Les couleurs de l'oubli

 

Nous avons l’art disait Nietzsche pour éviter que la vérité ne nous détruise. Mais quelle vérité ?

La vérité du regard qui se voile, la vérité de l’oubli, la vérité du geste qui hésite, de l’absence ?

Nous avons l’art pour éviter que l’illusion des apparences ne nous détruise. Ne vous

détruise. Ne détruise notre commune humanité, en traçant, entre vous et nous, entre toi et

moi, une distance qui repousse dans l’ombre, l’abandon et l’exclusion, ceux à qui nous ne

disons pas Tu parce que nous croyons qu’ils ont perdu la capacité de dire Je, et de se vivre.

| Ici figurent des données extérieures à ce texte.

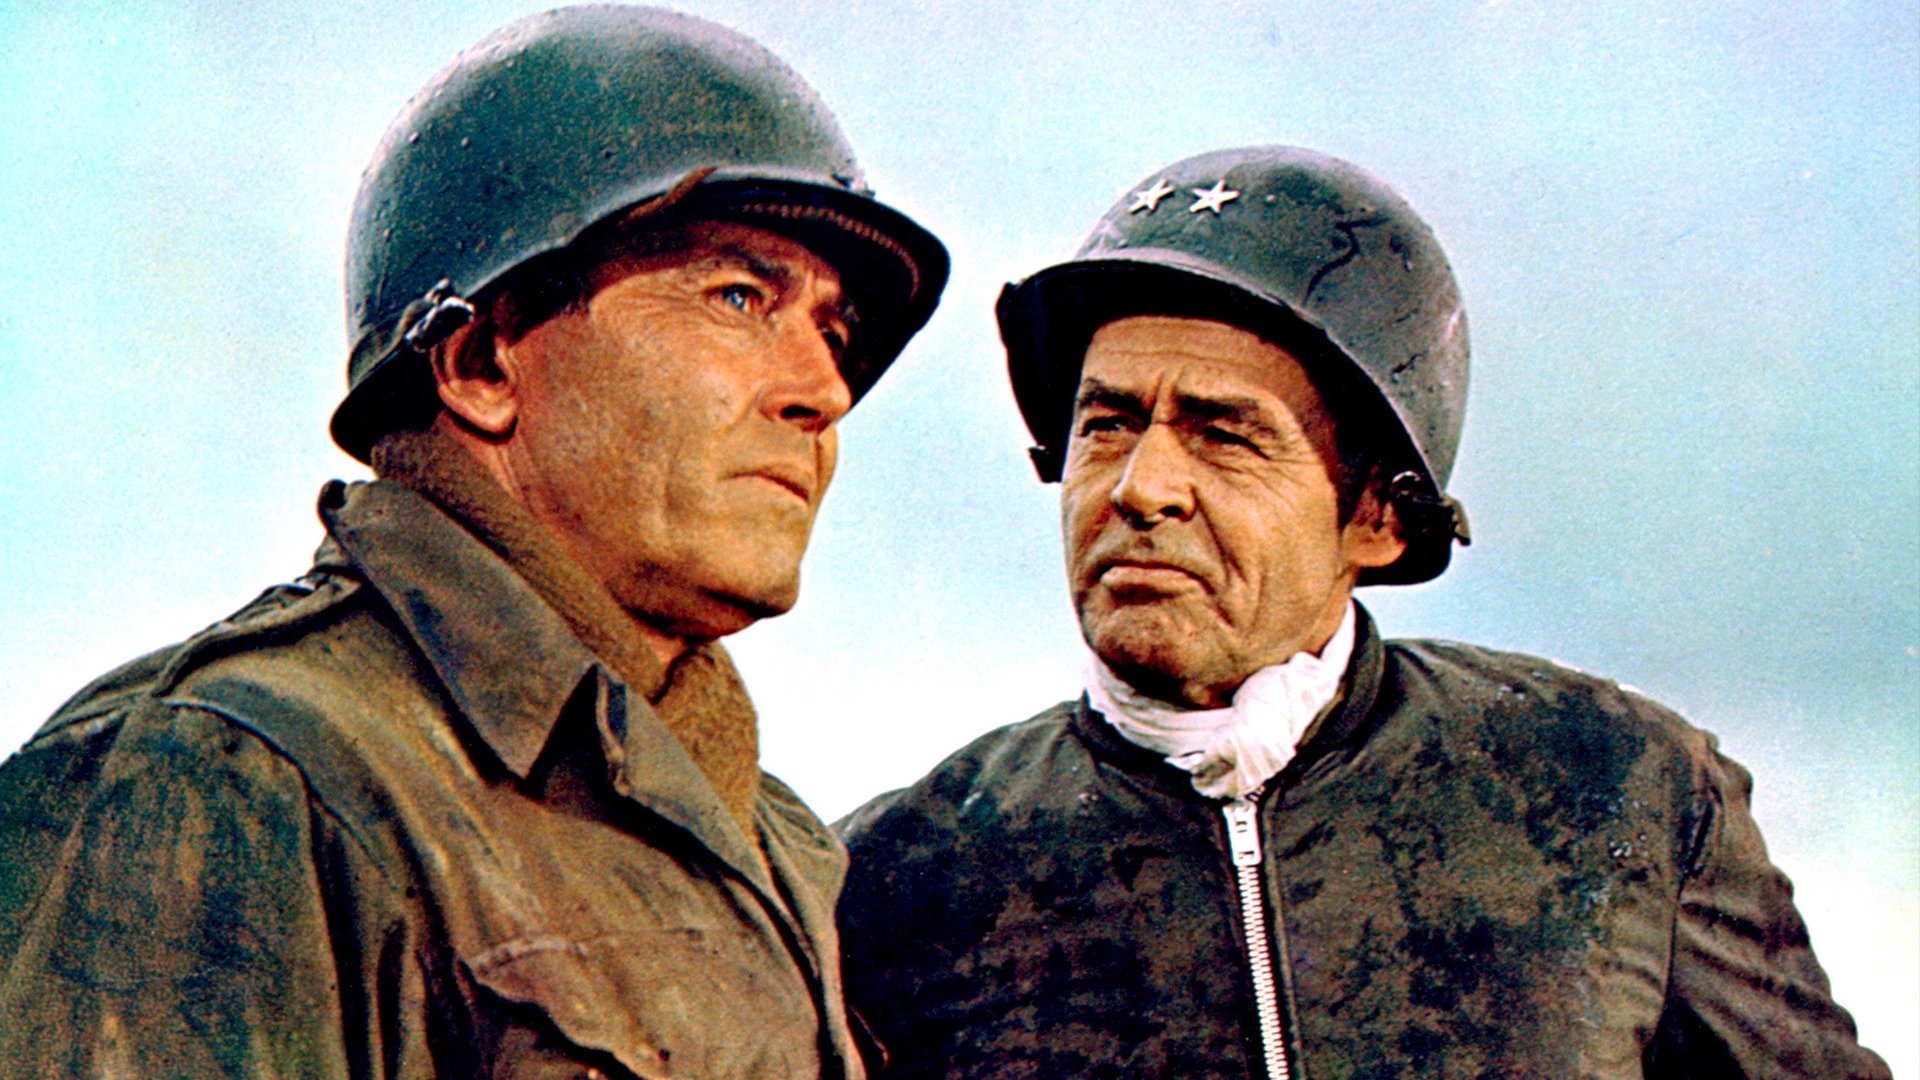 La Bataille des Ardennes : pourquoi le film a posé problème historiquement ?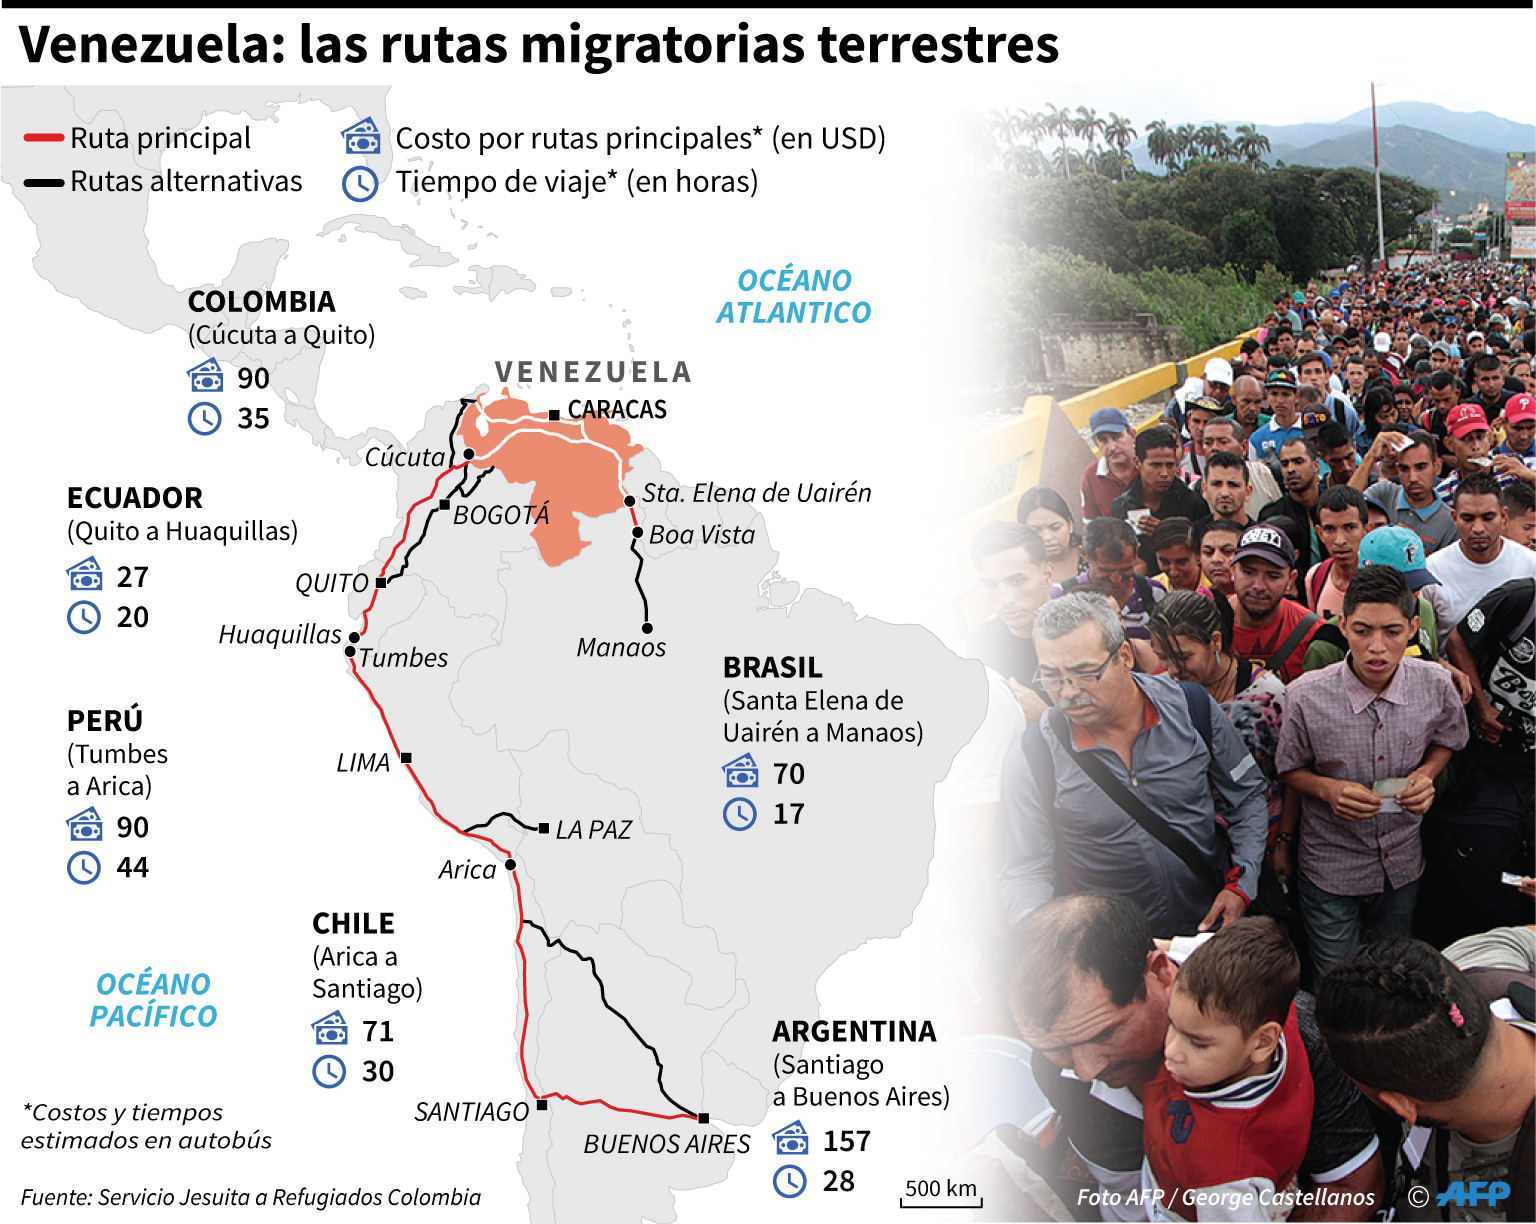 Las rutas y las políticas migratorias para venezolanos en el mundo (infografías)

Le pari sur la personne fait apparaître la personne. La certitude froide de l’observation la

fait disparaître. Sans le dialogue avec une mère, aucun enfant ne parlerait. Sans la parole

et la peinture et le pinceau et le temps donné, aucun de ces éclats de couleurs ne serait

devant nos yeux.

Le silence appelle le silence. La distance, la distance. L’indifférence, l’indifférence.

Ces tableaux racontent l’histoire d’une relation. Cristallisée dans la lumière. Hors du temps.

 Jean Claude Ameisen et François Arnold

 

Juliette

Juliette, malgré son grand âge, était restée une petite fille romantique,

enfoncée dans un fauteuil roulant trop grand pour elle.

La première fois qu’elle me vit, sachant que nous allions peindre

ensemble, elle me demanda :

Qu’est-ce que vous allez me dessiner ?

Cela dépend de votre envie. Mais ce n’est pas moi qui peins, c’est vous.

Elle ne m’a pas demandé de lui dessiner un mouton, comme l’avait

fait le petit prince, mais « un cheval qui galope, crinière au vent ! »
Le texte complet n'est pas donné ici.